Example 4: Tie Values
This example shows how the CUME_DIST()
function handles tie values.
DROP TABLE IF EXISTS students;
CREATE TABLE students (
id INT PRIMARY KEY,
name VARCHAR(50),
score INT
);
INSERT INTO students (id, name, score) VALUES
(1, 'John', 80),
(2, 'Jane', 90),
(3, 'Bob', 85),
(4, 'Alice', 90),
(5, 'Mike', 80);
SELECT
name,
score,
CUME_DIST() OVER (ORDER BY score) AS cume_dist
FROM students;
The output will be:
+-------+-------+--------------+
| name | score | cume_dist |
+-------+-------+--------------+
| John | 80 | 0.4000000000 |
| Mike | 80 | 0.4000000000 |
| Bob | 85 | 0.6000000000 |
| Alice | 90 | 1.0000000000 |
| Jane | 90 | 1.0000000000 |
+-------+-------+--------------+
In this example, the CUME_DIST()
function assigns the same cumulative distribution value to rows with tie values (in this case, ‘John’ and ‘Mike’ have the same score of 80).

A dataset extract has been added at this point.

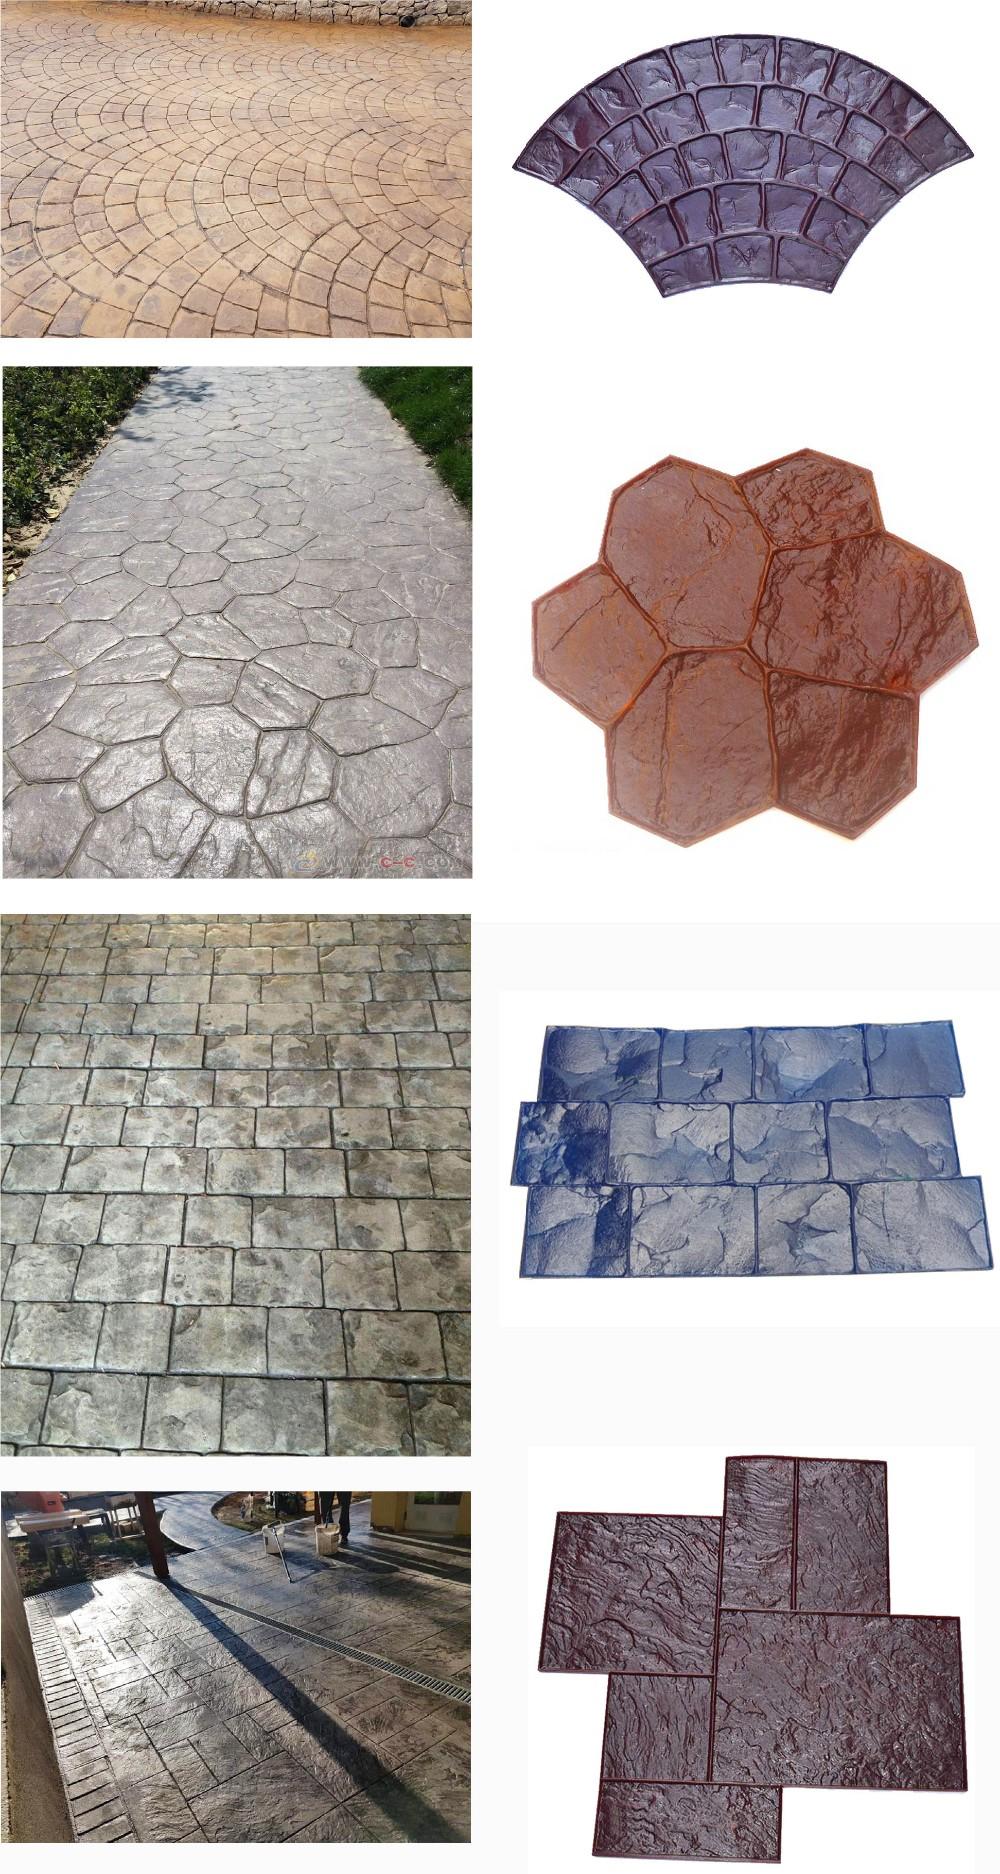 Piedra Huella Textura Decorativo De Hormigón Cemento Sello Mat Silicona Estampado

Example 5: Multiple Partitions and Order By
This example demonstrates how to use multiple partitions and order by clauses.

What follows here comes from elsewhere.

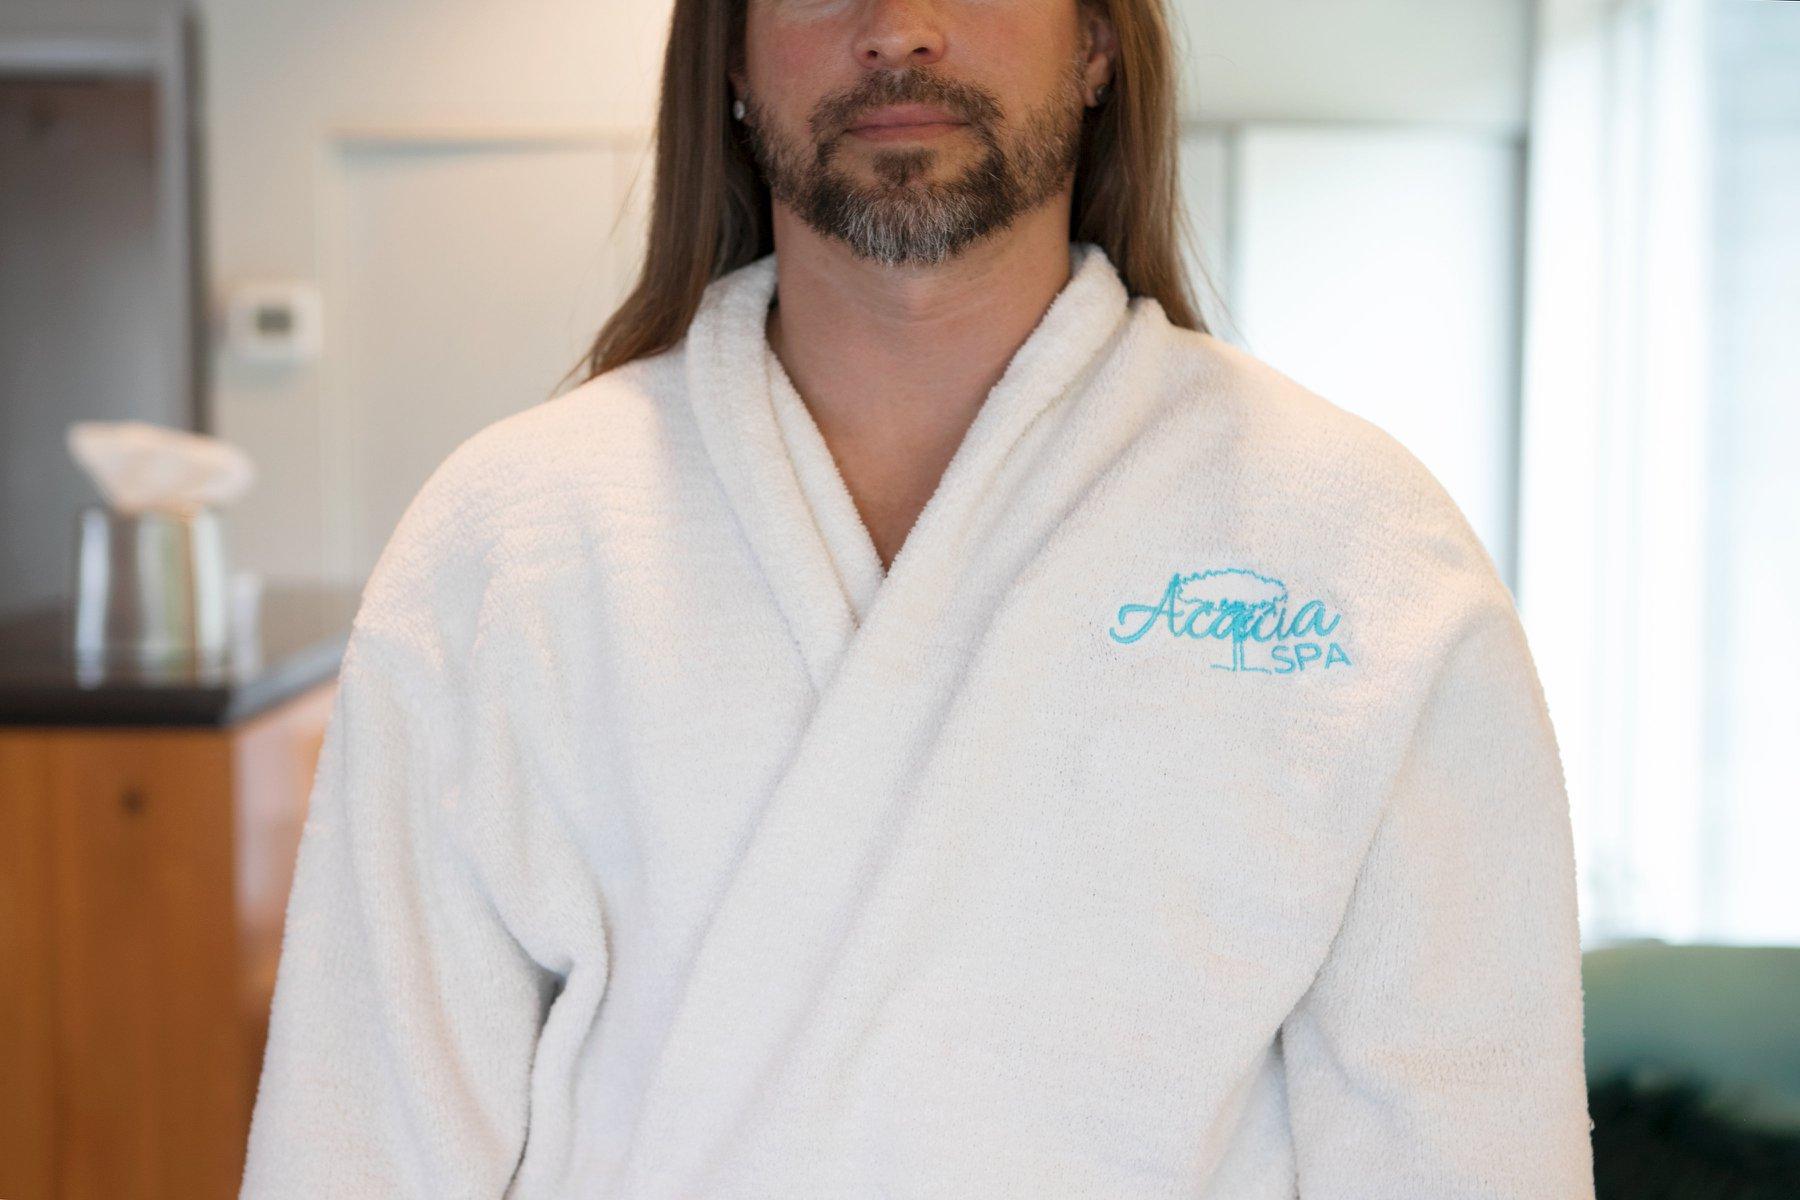 acacia spa springfield missouri man robe

DROP TABLE IF EXISTS sales;
CREATE TABLE sales (
id INT PRIMARY KEY,
product VARCHAR(50),
region VARCHAR(50),
revenue INT
);
INSERT INTO sales (id, product, region, revenue) VALUES
(1, 'Product A', 'North', 1000),
(2, 'Product A', 'South', 2000),
(3, 'Product B', 'North', 1500),
(4, 'Product B', 'South', 2500),
(5, 'Product A', 'North', 1200);
SELECT
product,
region,
revenue,
CUME_DIST() OVER (PARTITION BY product, region ORDER BY revenue) AS cume_dist
FROM sales;
The output will be:
+-----------+--------+---------+--------------+
| product | region | revenue | cume_dist |
+-----------+--------+---------+--------------+
| Product A | North | 1000 | 0.5000000000 |
| Product A | North | 1200 | 1.0000000000 |
| Product A | South | 2000 | 1.0000000000 |
| Product B | North | 1500 | 1.0000000000 |
| Product B | South | 2500 | 1.0000000000 |
+-----------+--------+---------+--------------+
In this example, the CUME_DIST()
function calculates the cumulative distribution within each product and region partition, sorted by the revenue column.
Related Functions
The following are a few functions related to the MariaDB CUME_DIST()
function:
- MariaDB
RANK()
function is used to assign a rank to each row within a partition, with ties receiving the same rank. - MariaDB
DENSE_RANK()
function is used to assign a rank to each row within a partition, with ties receiving consecutive ranks. - MariaDB
PERCENT_RANK()
function is used to calculate the relative rank of a value within a group of values, ranging from 0 to 1.
Conclusion
The MariaDB CUME_DIST()
function is a powerful tool for calculating the cumulative distribution of values within groups or partitions. It can be used in various scenarios, such as analyzing sales data, academic performance, or any other data that requires ranking or distribution analysis. By understanding how to use the CUME_DIST()
function effectively, you can gain valuable insights into your data and make informed decisions based on the relative positions of values within their respective groups.